Definition
A data engineer builds and operates the pipelines, warehouses and platforms that move, store and shape data so it is reliable and usable. Distinct from a data scientist (who models and analyses data) and an analytics engineer (who turns modelled data into clean, business-ready tables). It is the foundational role the rest of the data team depends on.
"We need a data person" is the brief that produces the worst shortlists in tech recruitment, because "data" spans three genuinely different jobs that hire, price and source differently. Confusing them wastes interview loops and, more expensively, results in the wrong hire building the wrong thing. This guide defines the data engineer, separates it cleanly from the data scientist and the analytics engineer, and gives the real Australian bands.
What a data engineer does
The data engineer builds the plumbing and the platform that everyone else's work runs on:
- Ingestion and pipelines. Moving data reliably from source systems into where it can be used, at scale and on schedule.
- Warehousing and modelling at the platform layer. Designing how data is stored so it is performant and trustworthy.
- Orchestration and reliability. Making pipelines observable, testable and recoverable, so a broken feed does not silently corrupt every downstream dashboard.
- The data platform. The tooling and standards the whole data function builds on.
It is fundamentally a software-engineering role, built in Python, SQL, Spark and orchestration tooling, and it is the role most likely to be underestimated by teams that think they need a "data scientist" first.
Data engineer vs data scientist vs analytics engineer
The clean way to hold the three apart is by what they produce:
| Role | Produces | Core skill |
|---|---|---|
| Data engineer | Reliable pipelines and platform | Software engineering, distributed data |
| Analytics engineer | Clean, modelled, tested tables | SQL and dbt, business modelling |
| Data scientist | Models, experiments, answers | Statistics and machine learning |
The data engineer builds the foundation. The analytics engineer, a role that emerged in the last few years, sits between engineering and analytics, transforming raw data into the clean tables analysts and dashboards consume, usually with dbt and SQL. The data scientist sits on top, using trustworthy data to model and answer questions. Most teams should hire in that order: you cannot do useful data science on a foundation that does not exist. Where data engineering meets machine-learning production, the work shades into platform-side and MLOps territory, covered in our AI cluster.

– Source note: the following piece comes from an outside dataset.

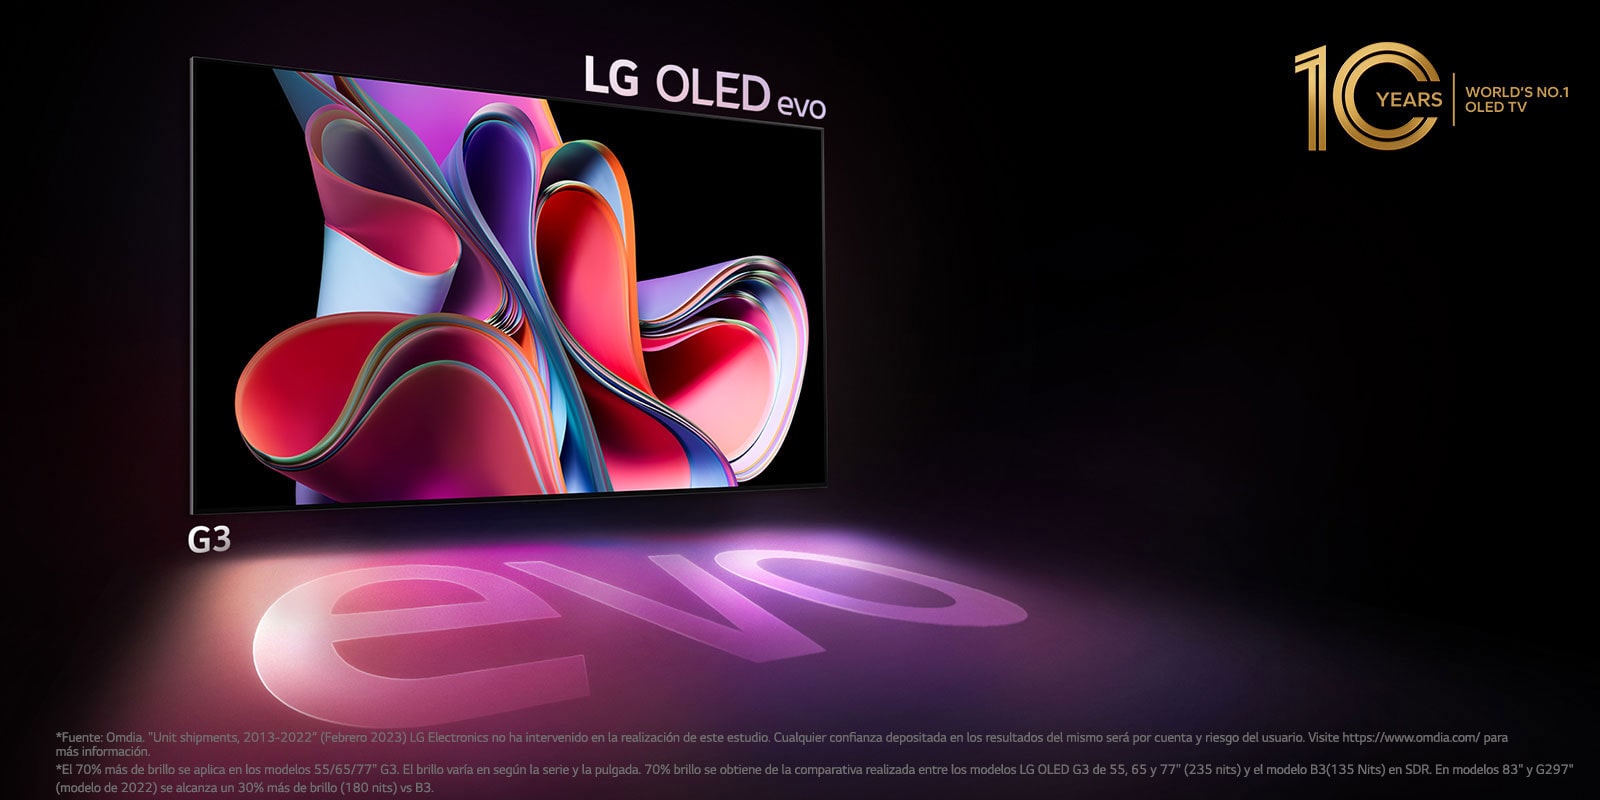 Una imagen del LG OLED G3 sobre un fondo negro que muestra una brillante ilustración abstracta de color rosa y morado. La pantalla proyecta una colorida sombra en la que aparece la palabra "evo".

What each earns in Australia
From Re:Sourced accepted offers (Sydney, base only, 25th to 75th percentile, 2026):
| Level | Sydney | Melbourne | Brisbane |
|---|---|---|---|
| Senior data engineer | AUD 160-190k | AUD 155-180k | AUD 145-170k |
| Principal data engineer | AUD 190-250k | AUD 180-240k | AUD 170-225k |
Data engineers who own ML-facing data platforms price at the top of the band. Full detail is in the data engineer salary guide and the salary checker. Analytics engineers typically price near the senior software band; data scientists vary widely with the amount of production ML in the role.
Hire the data engineer first. A brilliant data scientist on top of pipelines that cannot be trusted produces confident answers to the wrong questions.
Hiring one
Decide which of the three you actually need by asking what is missing: reliable data (engineer), clean business-ready tables (analytics engineer), or models and answers (scientist). Then screen for the specific skill, not the word "data" on a CV. Our guide on how to hire data engineers in Australia covers scoping and process, and our data engineering practice runs these searches end to end.
FAQ
What is a data engineer?
A data engineer builds and operates the pipelines, warehouses and platforms that move, store and shape data so it is reliable and usable. They own ingestion, transformation, orchestration and the data platform itself. Everything the data scientists and analysts do sits on top of what the data engineer builds, which is why it is the foundational role of a data team.
What is the difference between a data engineer and a data scientist?
A data engineer builds the infrastructure and pipelines that make data available and trustworthy. A data scientist uses that data to build models, run experiments and answer questions with statistics and machine learning. The data engineer is a software-engineering role; the data scientist is a modelling and analysis role. Hiring one when you need the other is a common and expensive mistake.
What is the difference between a data engineer and an analytics engineer?
A data engineer owns the raw pipelines, ingestion and platform (often in Python, Spark, SQL and orchestration tools). An analytics engineer sits closer to the business, transforming that raw data into clean, tested, well-modelled tables (typically with dbt and SQL) that analysts and dashboards consume. Analytics engineering emerged as the bridge between data engineering and analytics.
How much does a data engineer earn in Australia?
Senior data engineers in Sydney earn AUD 160 to 190k base in 2026, with principals at AUD 190 to 250k. Melbourne runs a few per cent below Sydney and Brisbane 8 to 12 per cent below. Bands are base only, 25th to 75th percentile of accepted offers. Data engineers who straddle ML data platforms price at the top of the band.